Quantum-Inspired Analysis of Neural Network Vulnerabilities: The Role of Conjugate Variables in System Attacks
Jun-Jie Zhang, Deyu Meng
TL;DR
Neural networks are shown to possess intrinsic vulnerabilities to imperceptible adversarial perturbations. The authors introduce a quantum-inspired framework that treats input features as $\hat{x}_i$ and loss-gradients as conjugate attack operators $\hat{p}_i=\frac{\partial}{\partial x_i}$, yielding an uncertainty bound $\Delta x_i \Delta p_i \ge \frac{1}{2}$. Empirical results across MNIST and CIFAR-10 demonstrate the existence of a fundamental accuracy–robustness trade-off consistent with the bound, with feature-space attacks proving more effective than pixel-space attacks.
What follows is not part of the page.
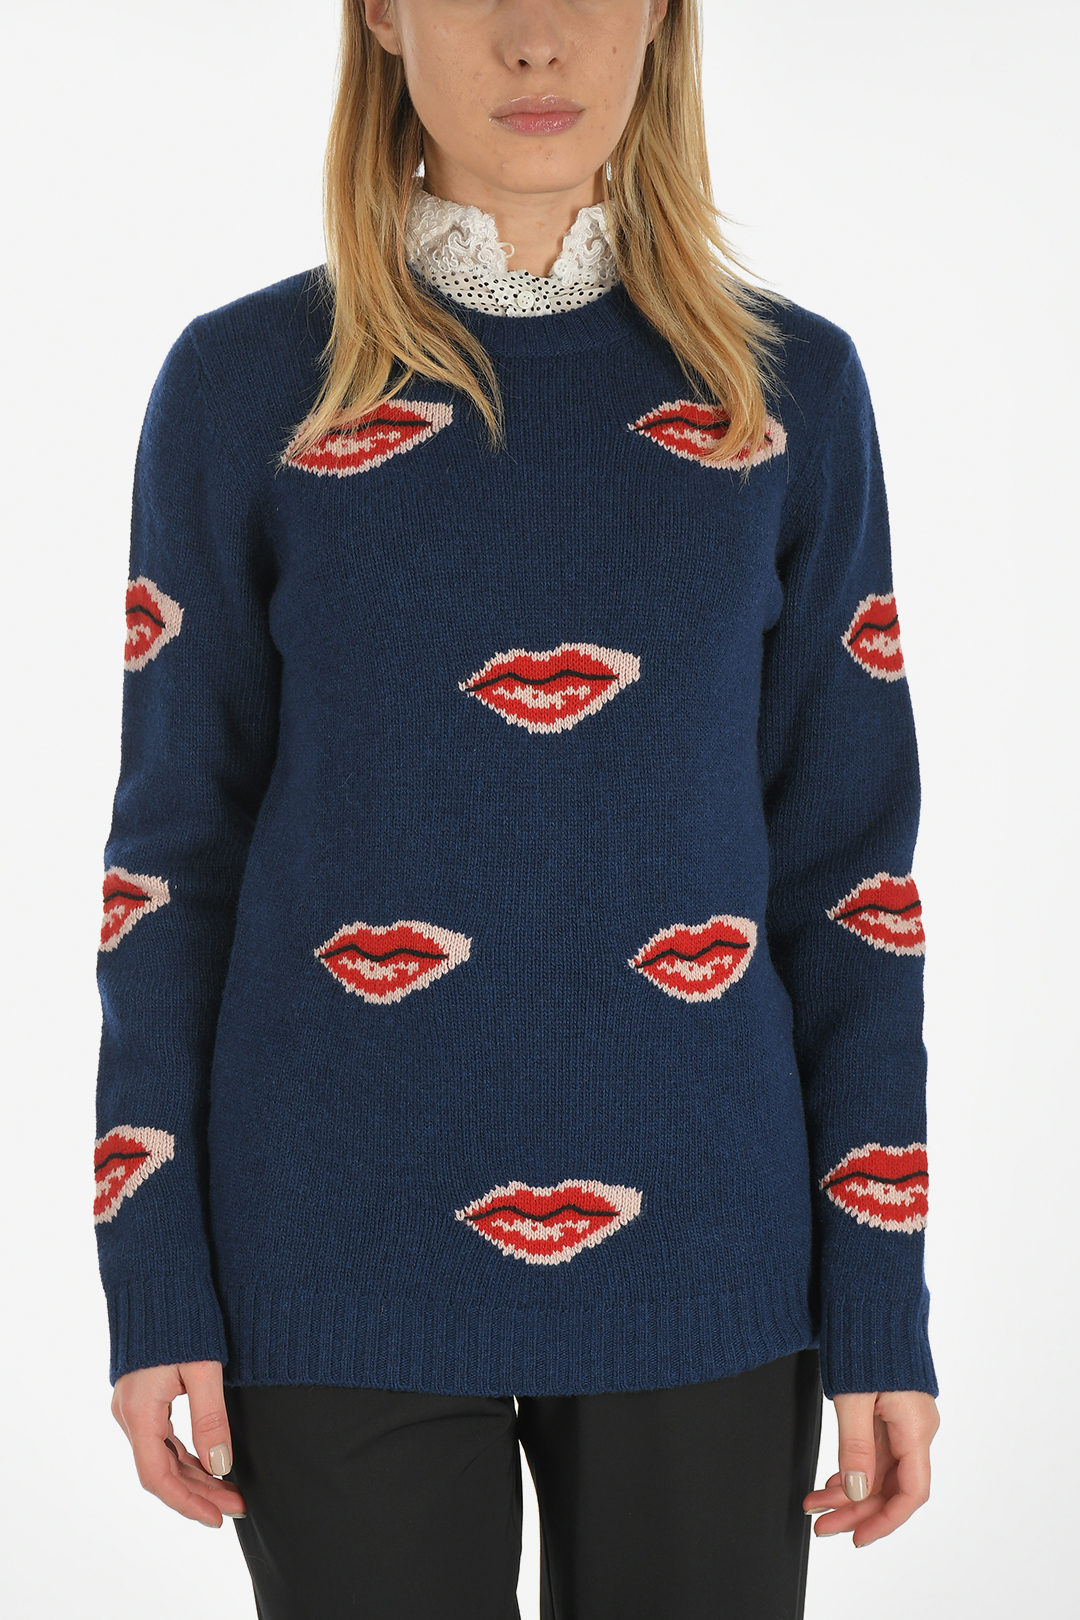 Prada Virgin Wool and Cashmere Sweater with Lips Embroidery women - Glamood  Outlet

The work highlights that neural networks can be analyzed as complex physical systems, offering physics-inspired insights for robustness and design that span interdisciplinary boundaries and potentially guide future robustness-enhancement strategies.
Abstract
Neural networks demonstrate inherent vulnerability to small, non-random perturbations, emerging as adversarial attacks. Such attacks, born from the gradient of the loss function relative to the input, are discerned as input conjugates, revealing a systemic fragility within the network structure. Intriguingly, a mathematical congruence manifests between this mechanism and the quantum physics' uncertainty principle, casting light on a hitherto unanticipated interdisciplinarity. This inherent susceptibility within neural network systems is generally intrinsic, highlighting not only the innate vulnerability of these networks but also suggesting potential advancements in the interdisciplinary area for understanding these black-box networks.